8. A Method according to claim 1, in which the different choices of the 
structure of the tr aining and of the testing data subsets consist in different selections of 
the number of input variables of the data records of the database, which selections 
consist in leaving out at least one, preferably two or more variables from the entire 
input variable set forming each record, the records of the data base comprising a certain 
number of known input variables and a certain number of known output variables. 

9. A Method according to claim 8, characterised by the following steps: 
Defining a distribution of data from the complete data set onto a training and 

onto a testing data set; 

Generating a population of different prediction algorithm each one having a 
training and/or testing data set in which only some variables have been considered 
among all the original variables provided in the data sets, each one of the prediction 
algorithm being generated by means of a different selection of variables. 

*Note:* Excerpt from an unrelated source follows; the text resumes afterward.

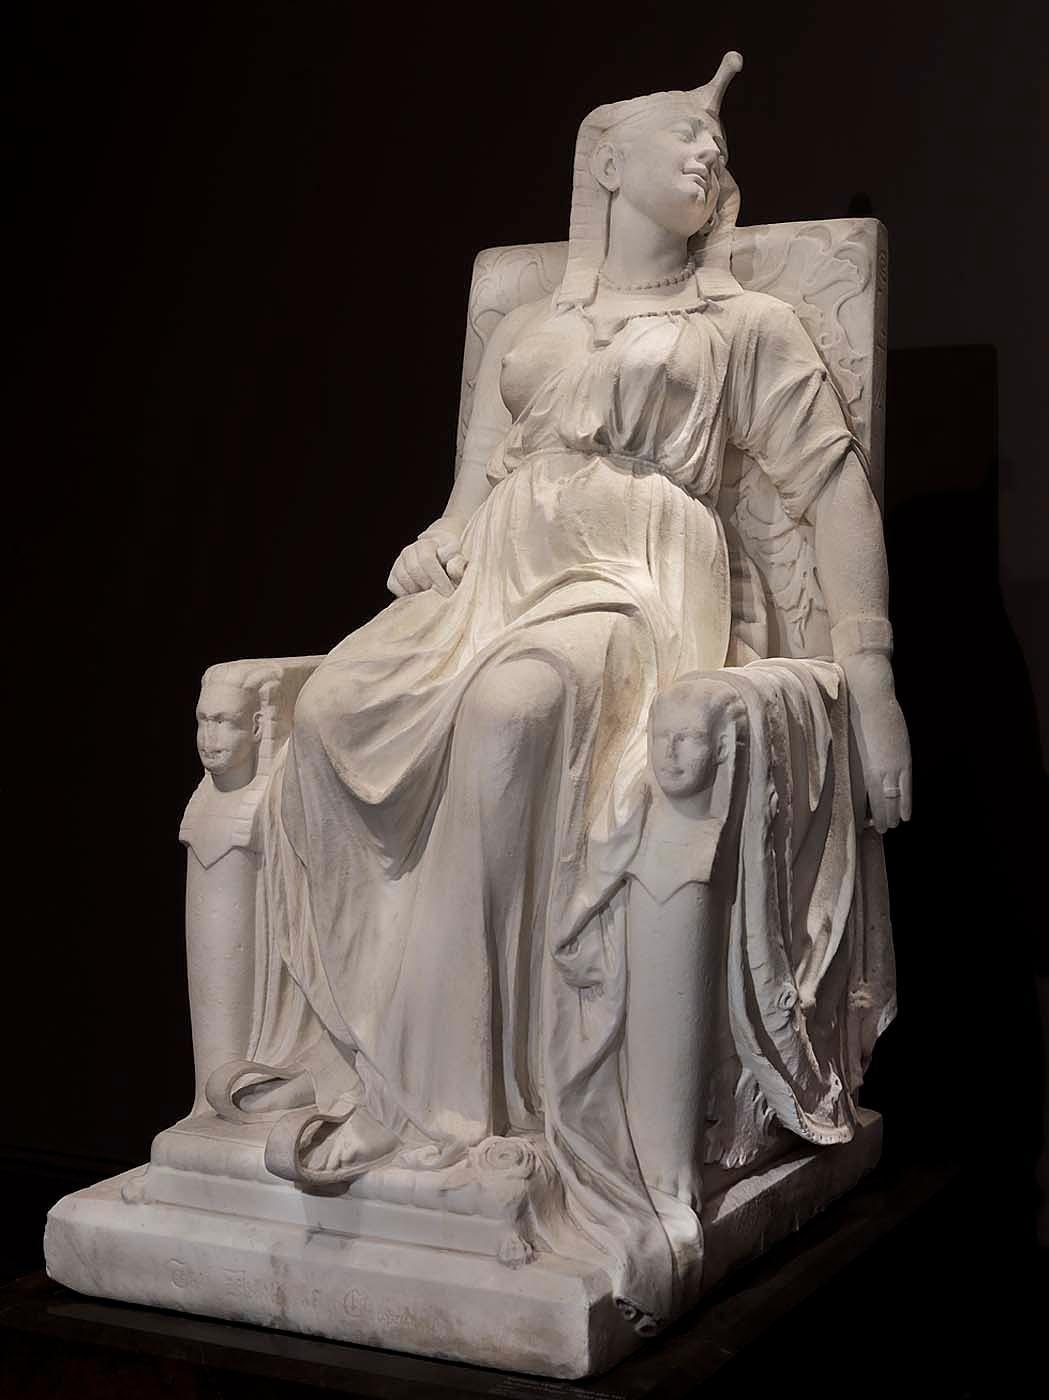 Google Doodle Sculpts a Tribute to Pioneering Artist Edmonia Lewis

Carrying out learning and testing of each prediction algorithm of the population 
and evaluating the fitness score of each prediction algorithm. 
Applying an evolutionary algorithm to the population of prediction algorithms for 
achieving new generations of prediction algorithm; 

For each generation of new prediction algorithms representing each one a new 
different selection of input variable, the best prediction algorithm according to the best 
hypothesis of input variables selection is tested or validated; 

A fitness score is evaluated and the prediction algorithms representing the 
selections of input variables which have the best testing performances and the minimum 
input variables are promoted for the processing of the new generations. 

10. A Method according to claim 8 or 9, characterised in that the pre-processing 
phase for selecting the most predictive input variables is carried out in combination to a 
Method according to one or more of the claims 2 to 9.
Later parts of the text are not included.